### Prompt
When the string "Bundle" is part of a line below, that line should be copied.

Stored data entries
------------------------------------------------------------

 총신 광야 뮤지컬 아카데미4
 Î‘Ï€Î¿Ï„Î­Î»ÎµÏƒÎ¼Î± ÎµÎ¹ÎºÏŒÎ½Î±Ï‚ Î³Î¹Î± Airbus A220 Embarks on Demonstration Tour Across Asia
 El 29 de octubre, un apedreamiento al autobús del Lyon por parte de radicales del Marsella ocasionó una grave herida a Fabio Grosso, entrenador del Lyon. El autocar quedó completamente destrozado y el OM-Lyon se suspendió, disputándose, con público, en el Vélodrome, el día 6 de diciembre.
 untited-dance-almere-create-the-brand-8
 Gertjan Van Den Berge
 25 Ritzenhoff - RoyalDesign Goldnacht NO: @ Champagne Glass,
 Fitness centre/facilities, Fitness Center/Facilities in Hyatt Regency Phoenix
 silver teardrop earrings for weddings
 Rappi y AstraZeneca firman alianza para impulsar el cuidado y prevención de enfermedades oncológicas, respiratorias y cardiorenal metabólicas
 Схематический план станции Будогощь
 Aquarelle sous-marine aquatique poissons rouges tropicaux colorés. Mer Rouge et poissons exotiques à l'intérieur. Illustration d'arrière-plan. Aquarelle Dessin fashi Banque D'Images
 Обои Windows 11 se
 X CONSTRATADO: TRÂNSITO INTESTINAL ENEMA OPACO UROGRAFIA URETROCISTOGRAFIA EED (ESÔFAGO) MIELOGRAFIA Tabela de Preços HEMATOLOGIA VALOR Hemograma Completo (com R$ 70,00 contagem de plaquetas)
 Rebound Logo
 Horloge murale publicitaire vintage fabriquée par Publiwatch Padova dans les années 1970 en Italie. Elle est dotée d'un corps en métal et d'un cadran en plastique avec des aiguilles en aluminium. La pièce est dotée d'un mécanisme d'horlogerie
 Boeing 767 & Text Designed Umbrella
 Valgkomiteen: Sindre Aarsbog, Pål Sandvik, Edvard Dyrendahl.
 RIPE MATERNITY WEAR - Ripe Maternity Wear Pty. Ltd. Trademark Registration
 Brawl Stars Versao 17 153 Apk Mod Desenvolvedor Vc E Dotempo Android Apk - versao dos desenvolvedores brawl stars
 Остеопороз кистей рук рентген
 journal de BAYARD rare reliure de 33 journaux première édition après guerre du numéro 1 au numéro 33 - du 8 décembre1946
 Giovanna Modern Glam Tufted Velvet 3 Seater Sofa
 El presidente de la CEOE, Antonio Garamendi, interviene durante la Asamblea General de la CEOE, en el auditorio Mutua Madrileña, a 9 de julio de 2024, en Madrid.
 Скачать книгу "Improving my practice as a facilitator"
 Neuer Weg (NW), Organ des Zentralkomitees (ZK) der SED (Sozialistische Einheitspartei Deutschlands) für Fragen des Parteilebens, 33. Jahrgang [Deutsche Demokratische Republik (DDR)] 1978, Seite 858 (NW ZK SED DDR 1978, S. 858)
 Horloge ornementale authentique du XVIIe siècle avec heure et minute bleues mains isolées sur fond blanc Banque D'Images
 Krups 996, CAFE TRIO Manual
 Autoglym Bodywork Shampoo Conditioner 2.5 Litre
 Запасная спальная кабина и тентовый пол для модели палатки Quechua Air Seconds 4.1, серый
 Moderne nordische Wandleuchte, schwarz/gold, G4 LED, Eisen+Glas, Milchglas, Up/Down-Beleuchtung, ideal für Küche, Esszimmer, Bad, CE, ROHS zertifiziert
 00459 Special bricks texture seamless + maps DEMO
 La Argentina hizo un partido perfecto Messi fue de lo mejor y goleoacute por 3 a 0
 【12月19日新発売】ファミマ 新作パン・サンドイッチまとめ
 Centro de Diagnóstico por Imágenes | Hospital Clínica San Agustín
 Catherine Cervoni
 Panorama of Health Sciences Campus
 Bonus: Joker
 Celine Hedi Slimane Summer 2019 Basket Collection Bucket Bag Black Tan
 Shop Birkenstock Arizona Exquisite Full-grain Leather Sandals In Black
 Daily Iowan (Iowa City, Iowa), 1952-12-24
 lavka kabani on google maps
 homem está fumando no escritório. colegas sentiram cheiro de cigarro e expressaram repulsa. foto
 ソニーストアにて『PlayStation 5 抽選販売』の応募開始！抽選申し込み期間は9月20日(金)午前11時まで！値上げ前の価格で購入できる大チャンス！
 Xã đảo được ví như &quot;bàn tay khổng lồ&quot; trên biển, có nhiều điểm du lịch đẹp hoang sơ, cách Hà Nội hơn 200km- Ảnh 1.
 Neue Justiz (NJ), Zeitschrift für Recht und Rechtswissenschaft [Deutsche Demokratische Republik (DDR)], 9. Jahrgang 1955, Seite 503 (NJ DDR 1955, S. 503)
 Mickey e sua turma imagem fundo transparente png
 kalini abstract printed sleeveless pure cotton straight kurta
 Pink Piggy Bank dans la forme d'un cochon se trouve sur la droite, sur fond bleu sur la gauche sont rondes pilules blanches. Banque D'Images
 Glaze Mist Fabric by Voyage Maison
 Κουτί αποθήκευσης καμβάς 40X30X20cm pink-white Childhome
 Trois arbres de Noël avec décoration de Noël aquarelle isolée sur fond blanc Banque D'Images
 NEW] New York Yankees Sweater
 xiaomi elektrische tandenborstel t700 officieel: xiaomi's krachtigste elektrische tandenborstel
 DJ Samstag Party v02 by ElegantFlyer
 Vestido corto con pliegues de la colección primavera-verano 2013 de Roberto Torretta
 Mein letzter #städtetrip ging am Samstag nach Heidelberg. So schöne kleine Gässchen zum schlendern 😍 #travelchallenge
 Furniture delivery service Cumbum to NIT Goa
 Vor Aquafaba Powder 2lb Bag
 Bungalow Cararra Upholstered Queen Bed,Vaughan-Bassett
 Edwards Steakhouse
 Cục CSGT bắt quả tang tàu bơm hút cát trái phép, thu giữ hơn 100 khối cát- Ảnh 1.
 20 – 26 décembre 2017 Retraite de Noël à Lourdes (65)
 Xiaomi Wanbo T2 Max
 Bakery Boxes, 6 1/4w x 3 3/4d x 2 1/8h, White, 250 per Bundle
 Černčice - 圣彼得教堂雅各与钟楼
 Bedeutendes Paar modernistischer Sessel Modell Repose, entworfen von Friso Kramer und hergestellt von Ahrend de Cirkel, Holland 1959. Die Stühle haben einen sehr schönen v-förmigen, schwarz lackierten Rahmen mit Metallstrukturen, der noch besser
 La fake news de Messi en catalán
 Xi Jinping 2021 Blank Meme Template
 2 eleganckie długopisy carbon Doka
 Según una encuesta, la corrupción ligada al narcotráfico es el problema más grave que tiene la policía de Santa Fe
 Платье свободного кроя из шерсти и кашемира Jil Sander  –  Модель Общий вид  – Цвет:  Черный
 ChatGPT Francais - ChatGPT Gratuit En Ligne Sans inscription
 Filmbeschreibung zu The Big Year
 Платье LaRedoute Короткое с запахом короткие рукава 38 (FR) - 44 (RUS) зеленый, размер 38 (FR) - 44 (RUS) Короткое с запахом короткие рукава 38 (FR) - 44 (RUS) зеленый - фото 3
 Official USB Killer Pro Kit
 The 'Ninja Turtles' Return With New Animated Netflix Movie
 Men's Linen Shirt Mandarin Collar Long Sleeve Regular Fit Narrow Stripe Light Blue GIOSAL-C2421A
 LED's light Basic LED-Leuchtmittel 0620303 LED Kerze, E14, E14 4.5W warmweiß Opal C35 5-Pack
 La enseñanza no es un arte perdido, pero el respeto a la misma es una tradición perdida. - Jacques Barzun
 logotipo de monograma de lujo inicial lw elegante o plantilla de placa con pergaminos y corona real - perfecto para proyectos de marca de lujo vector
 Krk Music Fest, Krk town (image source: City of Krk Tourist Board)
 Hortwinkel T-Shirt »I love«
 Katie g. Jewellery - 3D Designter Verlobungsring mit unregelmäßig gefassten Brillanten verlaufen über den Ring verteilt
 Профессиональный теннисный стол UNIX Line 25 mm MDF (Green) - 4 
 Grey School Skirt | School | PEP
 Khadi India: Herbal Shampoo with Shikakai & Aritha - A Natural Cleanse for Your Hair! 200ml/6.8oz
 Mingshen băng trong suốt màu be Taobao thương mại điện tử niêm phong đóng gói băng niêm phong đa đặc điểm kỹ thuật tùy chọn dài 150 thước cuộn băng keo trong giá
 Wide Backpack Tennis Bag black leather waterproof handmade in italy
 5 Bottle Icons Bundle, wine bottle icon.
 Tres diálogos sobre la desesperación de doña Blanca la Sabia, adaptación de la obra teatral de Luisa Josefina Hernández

------------------------------------------------------------

### Solution
 Bakery Boxes, 6 1/4w x 3 3/4d x 2 1/8h, White, 250 per Bundle
 5 Bottle Icons Bundle, wine bottle icon.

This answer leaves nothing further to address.